_DATASET RECORDS_.

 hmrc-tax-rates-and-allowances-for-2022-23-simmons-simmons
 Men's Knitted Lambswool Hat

...

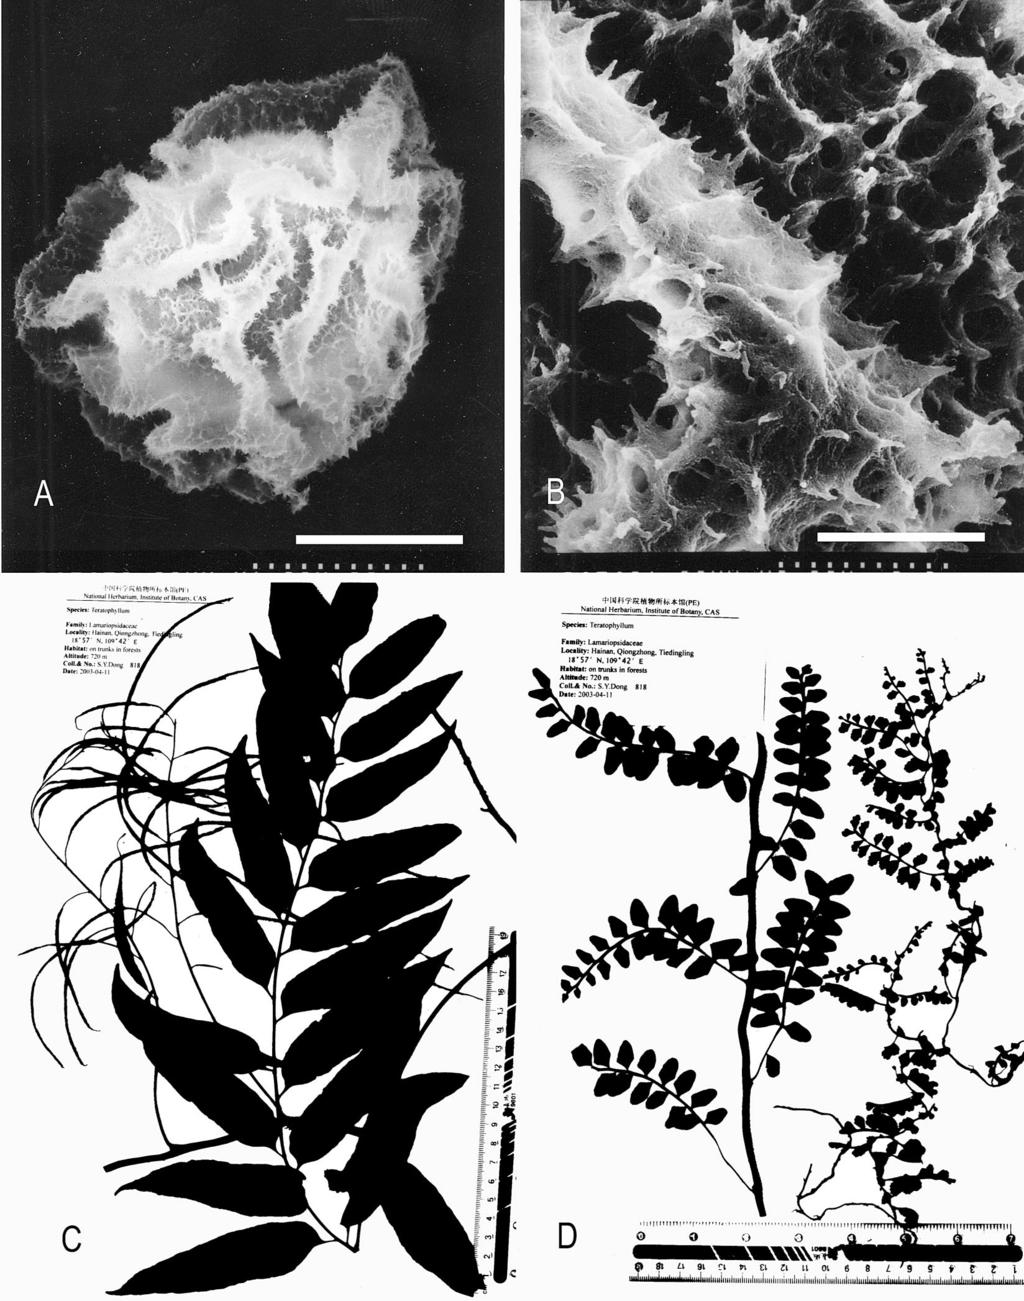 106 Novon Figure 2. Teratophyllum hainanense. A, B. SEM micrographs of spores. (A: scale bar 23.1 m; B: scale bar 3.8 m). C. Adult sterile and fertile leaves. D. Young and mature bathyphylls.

_WHAT NEEDS TO BE DONE_.
Working from the material above, restate word for word the lines between the line with "hmrc-tax-rates-and-allowances-for-2022-23-simmons-simmons" and the line with "Men's Knitted Lambswool Hat", both included, and only those.

_TASK RESPONSE_.
 hmrc-tax-rates-and-allowances-for-2022-23-simmons-simmons
 Men's Knitted Lambswool Hat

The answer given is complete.